My usual shell is fish, but sometimes I run bash to run some bash scripts/commands.
That gives an error at startup, because I’ve got fish aliases set in dotfiles alias that don’t work under bash:
> bash
bash: eval: line 501: syntax error near unexpected token `('
bash: eval: line 501: `alias uc='unicode --brief --max (math (tput lines) - 5)''
richard@richardspc:~$
It would be nice if I could put something like eval "$(atuin init --disable-dotfiles-aliases bash)"
in my .bashrc, to prevent that from happening.

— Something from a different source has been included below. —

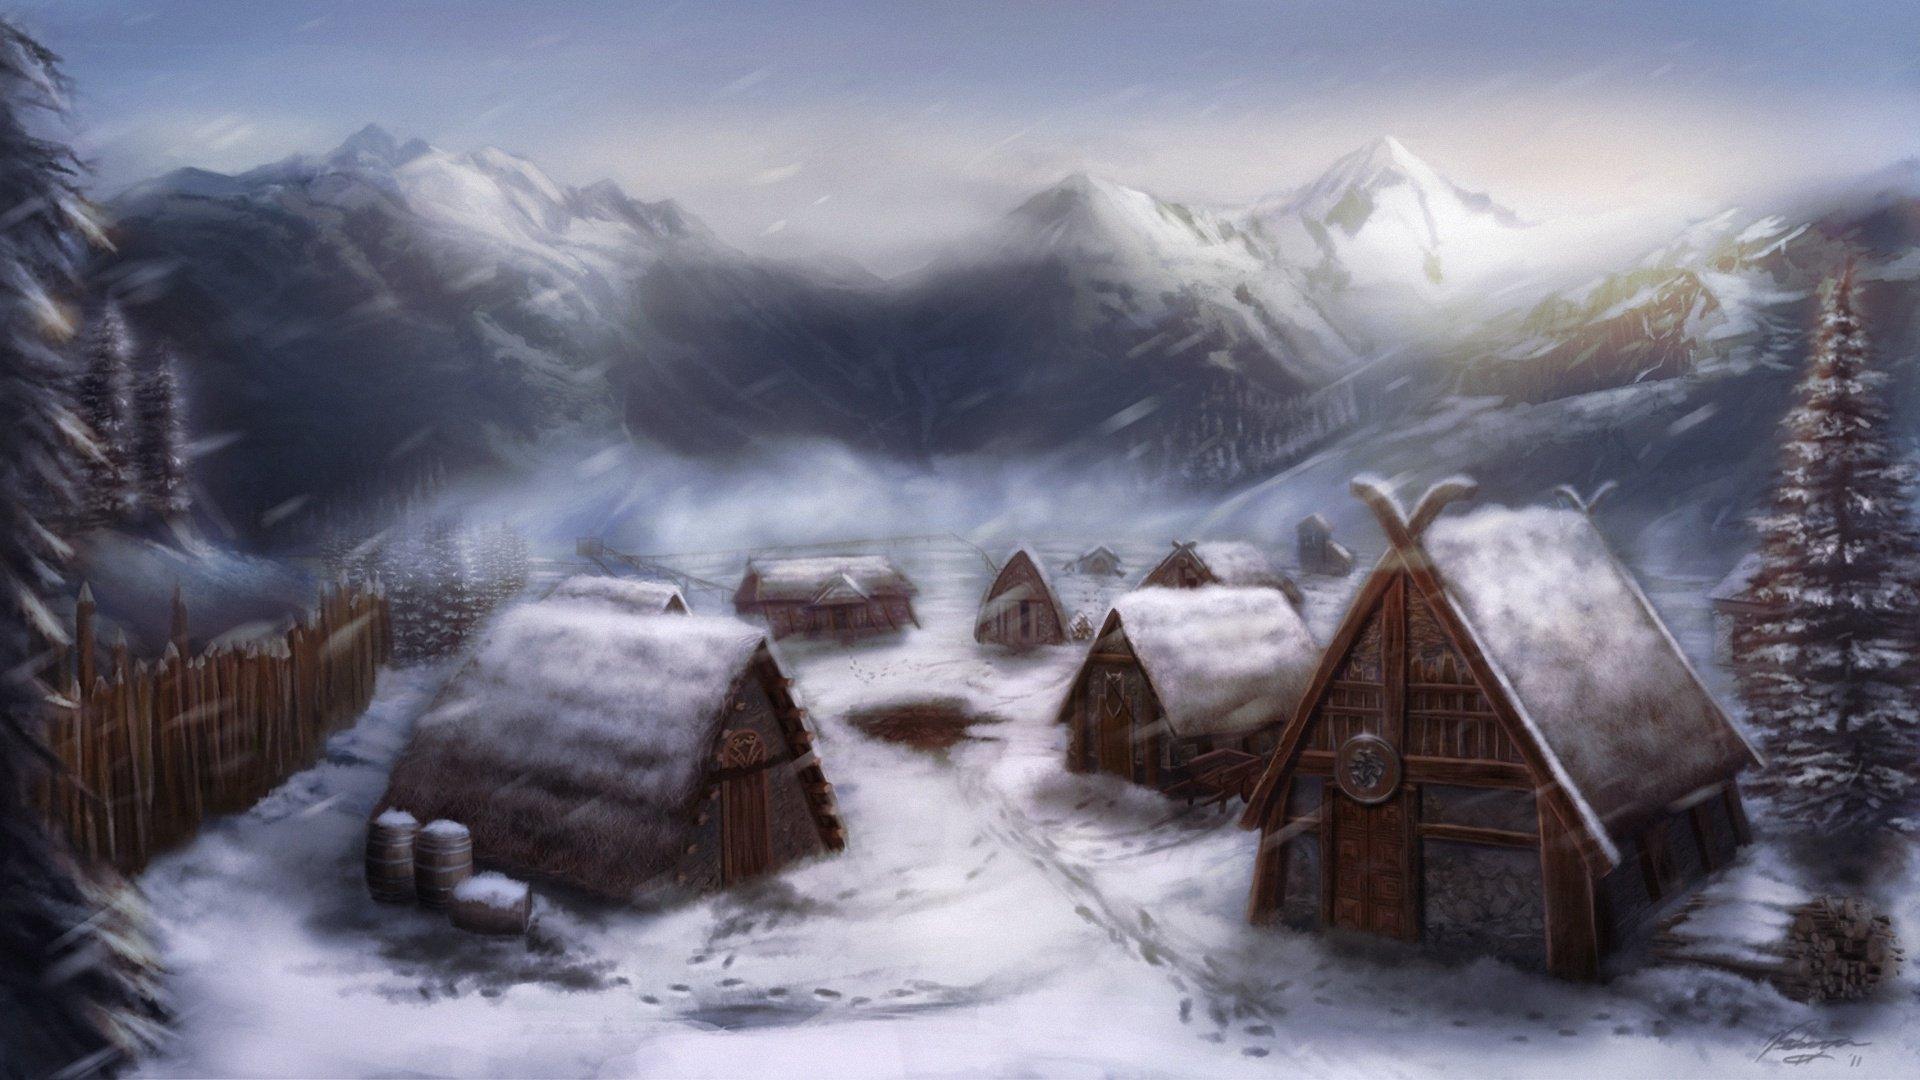 Snow Village Settlement The Vikings At Home Art Michael Davini Wallpaper 1920x1080 1009570 Wallpaperup

You could disable dotfiles in you config, and then enable them just for fish with ATUIN_DOTFILES__ENABLED=true atuin init fish..., though the ergonomics there aren’t amazing
Instead of being able to disable them, would it be better to be able to configure which shell they apply to?
This could then be extended to allow for configuring which host they apply to as well
Sure, configuring which shell they apply to would be even nicer, as most aliases do work in bash. Not sure it’s worth the effort though, unless people regularly use multiple shells.
Configuring the host seems a bit overkill, why put aliases in atuin if you’re not going to use them on other hosts anyway?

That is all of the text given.